Probing large language models (LLMs) has yielded valuable insights into their internal mechanisms by linking neural activations to interpretable semantics. However, the complex mechanisms that link neuron's functional co-activation with the emergent model capabilities remains largely unknown, hindering a deeper understanding and safer development of LLMs. In this work, we introduce graph probing, a method for uncovering the functional connectivity of LLM neurons and relating it to language generation performance. By probing models across diverse LLM families and scales, we discover a universal predictability of language generation and understanding performance using only neural topology, which persists even when retaining just 1% of neuron connections. Strikingly, probing on topology outperforms probing on activation by up to 130.4% and 67.7% on perplexity and space/time semantic regression respectively, suggesting that neural topology contains orders of richer information of LLM performance than neural activation, which can be easily extracted with simple linear or MLP probes. To explain the dependence between neural topology and language performance, we identify default networks and hub neurons in LLMs and provide causal evidence by interventional experiments on multiple benchmarks, showing that LLMs actually exploit these topological information. Further analyses suggest that graph probing can be effectively leveraged to improve the efficiency and reliability of LLMs through proof-of-concept applications in model pruning and hallucination detection. Codes and data for the graph probing toolbox are available at https://github.com/DavyMorgan/llm-graph-probing.

Paper Structure

This paper contains 19 sections, 10 equations, 9 figures, 6 tables.

Figures (9)

  • Figure 1: Overview of graph probing.
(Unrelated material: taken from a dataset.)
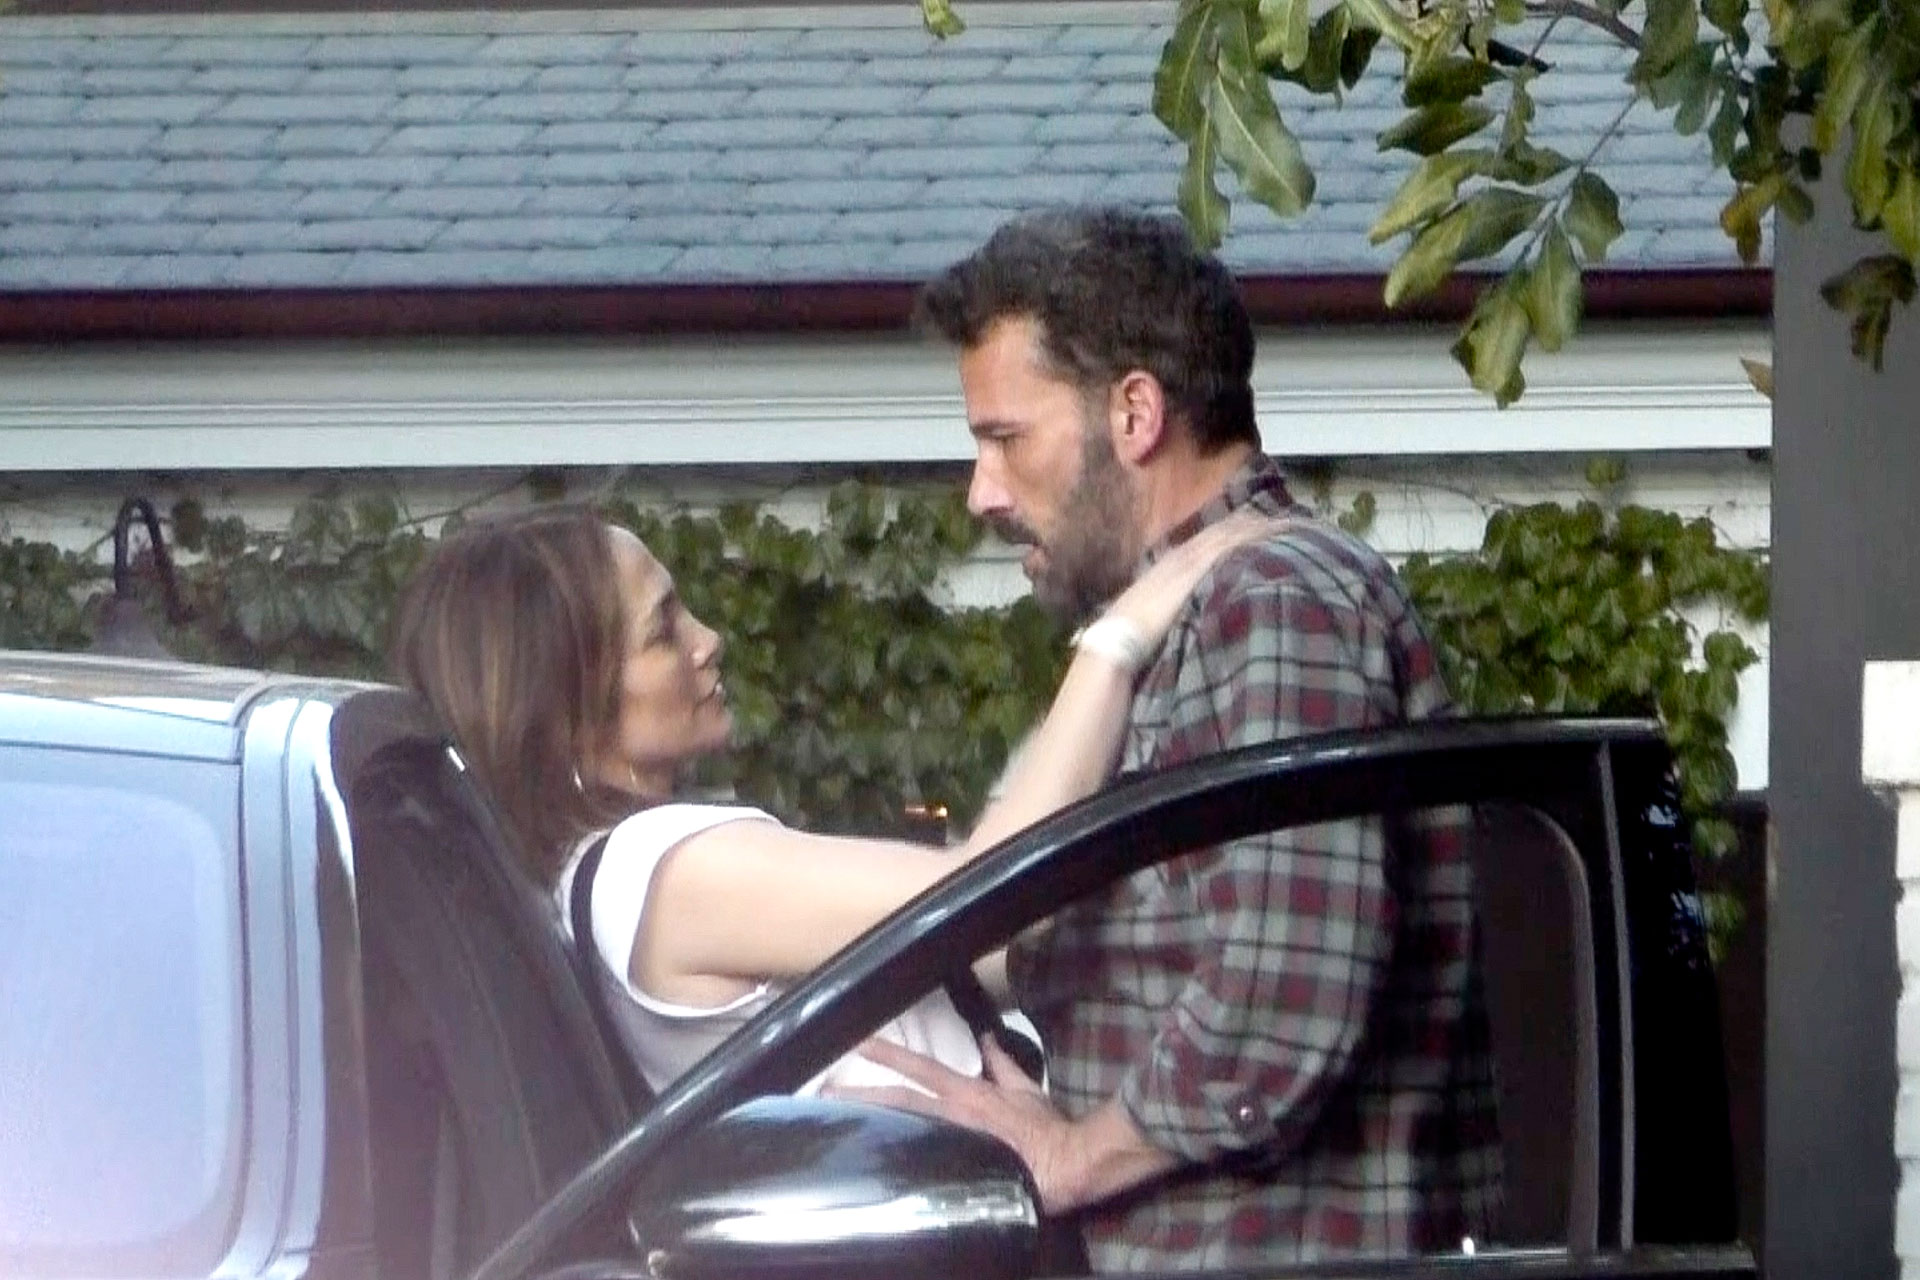 Pareja romántica. Jennifer Lopez y Ben Affleck fueron fotografiados cuando se despedían en la casa del actor y la artista regresaba a su casa. Él la acompañó hasta su auto y se dieron un apasionado beso

We extract the neuron activity time series in an LLM as it processes text token by token. We then compute temporal and functional correlations between neural activations to obtain topological connectivity graphs of neurons. Unlike existing probing methods that take neural activation as input, we train linear or MLP probes on flattened neural topology to predict the language generation performance for the input token sequence.
  • Figure 2: Out-of-sample performance of linear and MLP probing on the test set for (a) GPT-2 (b) Pythia-160M (c) Qwen2.5-0.5B. We compare activation-based probing and our topology-based probing. The correlation between the perplexity predicted by probing and the ground-truth perplexity reflects how well LLM performance can be inferred from neural activation or topology.
  • Figure 3: (a) Out-of-sample graph probing performance on neural topology of different sparsity levels. (b) Out-of-sample probing performance on LLMs of different sizes. (c) Out-of-sample performance of graph probing on different layers of LLMs.
  • Figure 4: (a-b) Occurrence frequency of hub nodes in (a) Qwen2.5-0.5B and (b) Qwen2.5-1.5B on MMLU benchmark. (c) Accuracy on MMLU benchmark of Qwen2.5 models (0.5B, 1.5B, 3B, 7B, 14B) under different interventions of top 1% neurons.
  • Figure 5: (a) Accuracy on MMLU benchmark under different levels of model pruning based on neural topology and activation (WANDA). (b) Accuracy of hallucination detection of different approaches on TruthfulQA dataset. (c) Coupling index of neural topology for hallucination on TruthfulQA datset.